What I say to people who are looking for a job - gkamradt
https://www.gregkamradt.com/gregkamradt/2018/3/18/0xov5ak1hjunr4twj83k940z9q6fza
======
stcredzero
One piece of advice I like to give nowadays, is that if you don't know how to
get to a goal, then do this:

    
    
        1) Divide up that goal into pieces.
        2) Take those initial pieces and divide that up.
        3) Take one of the bits from 2, and create a lame, incomplete version of it
        4) Keep polishing that bit until it's great
    

The key steps are 3 and 4! It's hard to build even a small production ready
component of something, even a very small subpart. However, pretty much anyone
can build a lame, insecure, wonky version of that subpart.
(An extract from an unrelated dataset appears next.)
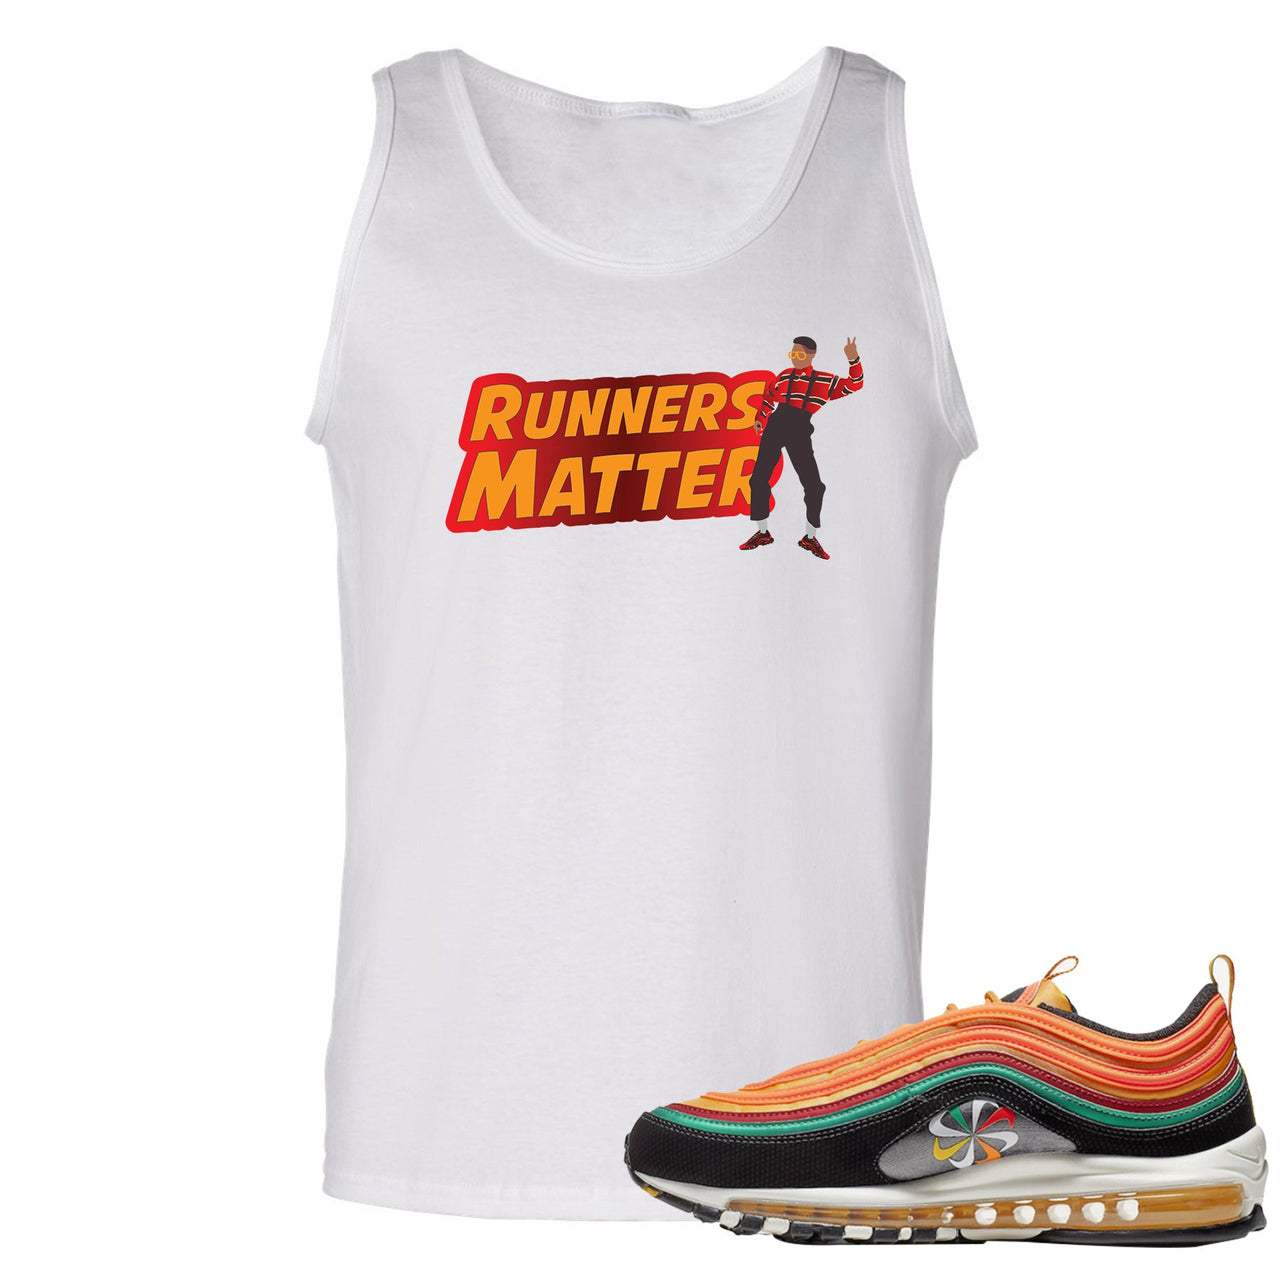 Printed on the front of the Air Max 97 Sunburst white sneaker matching tank top is the Runners Matter logo
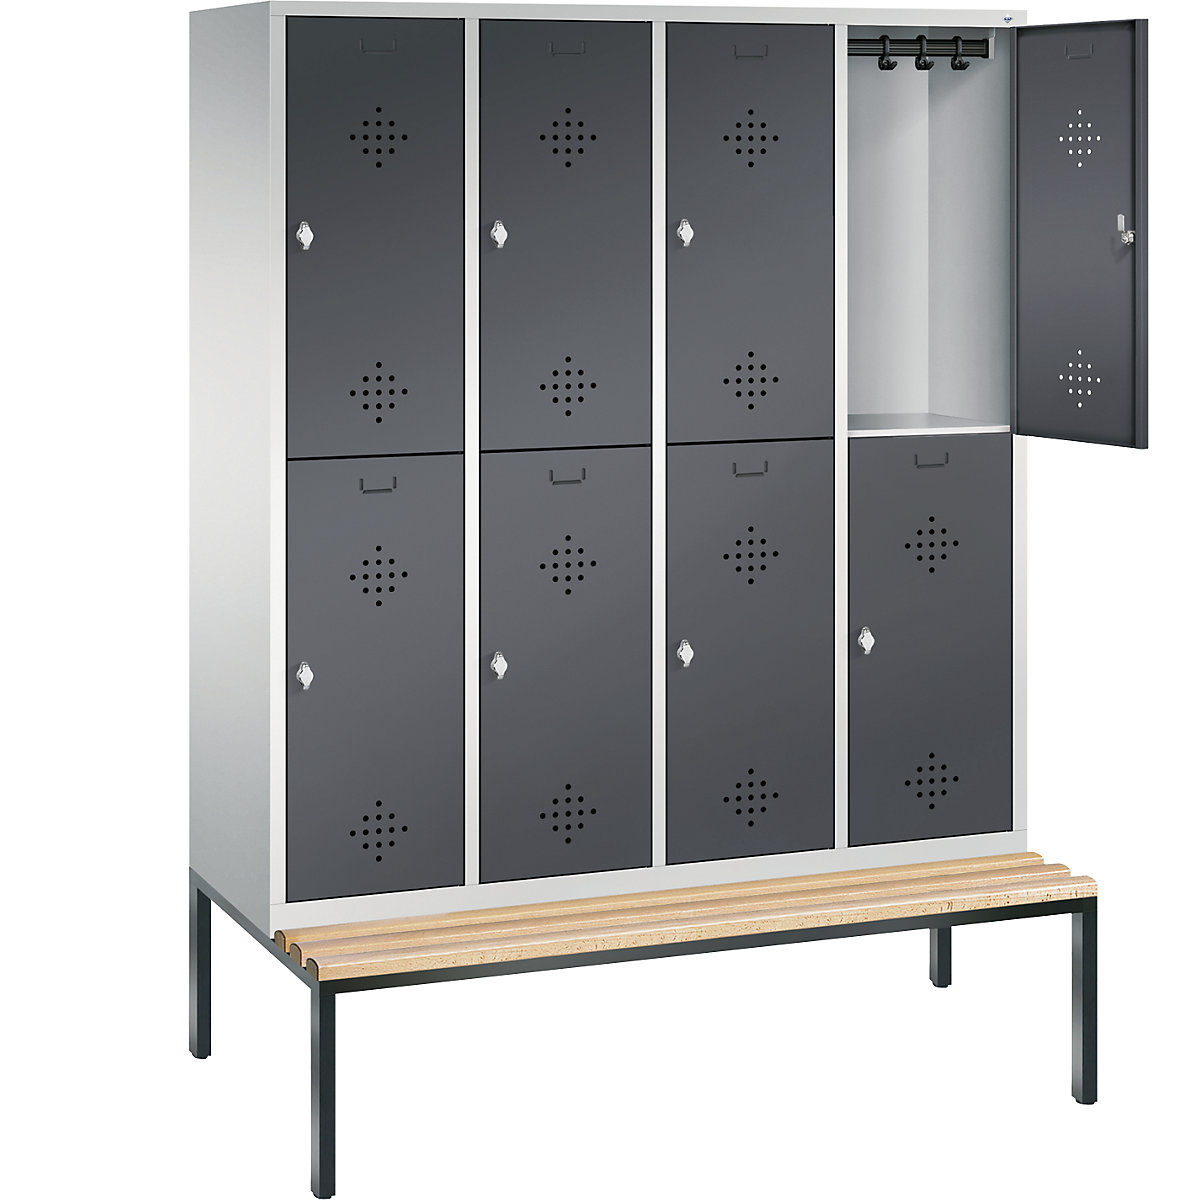 C+P: CLASSIC – kaiserkraft mounted compartment with tier bench locker 2 each, 400 cloakroom mm double compartments, shelf compartments underneath, width 4 |

An example is the movement syncing system in my MMO. First I went through an
"Asteroids in HTML5" tutorial. Then I got hold of a "Chat in Websockets"
tutorial. Then I hooked them up in the lamest way imaginable, then kept on
iterating.

The very hardest part is 4, of course. In order to do that part, you have to
know what it is you don't know. A good Comp Sci education gets you a good ways
there. (Warning: If your profs and TAs keep telling you "you don't need to
know [X]" because libraries/etc take care of that for you, you need to figure
out if they're only saying that because they don't know themselves. If on the
other hand, they give you some background information about when you _do_ need
to know [X] then that's valuable information.)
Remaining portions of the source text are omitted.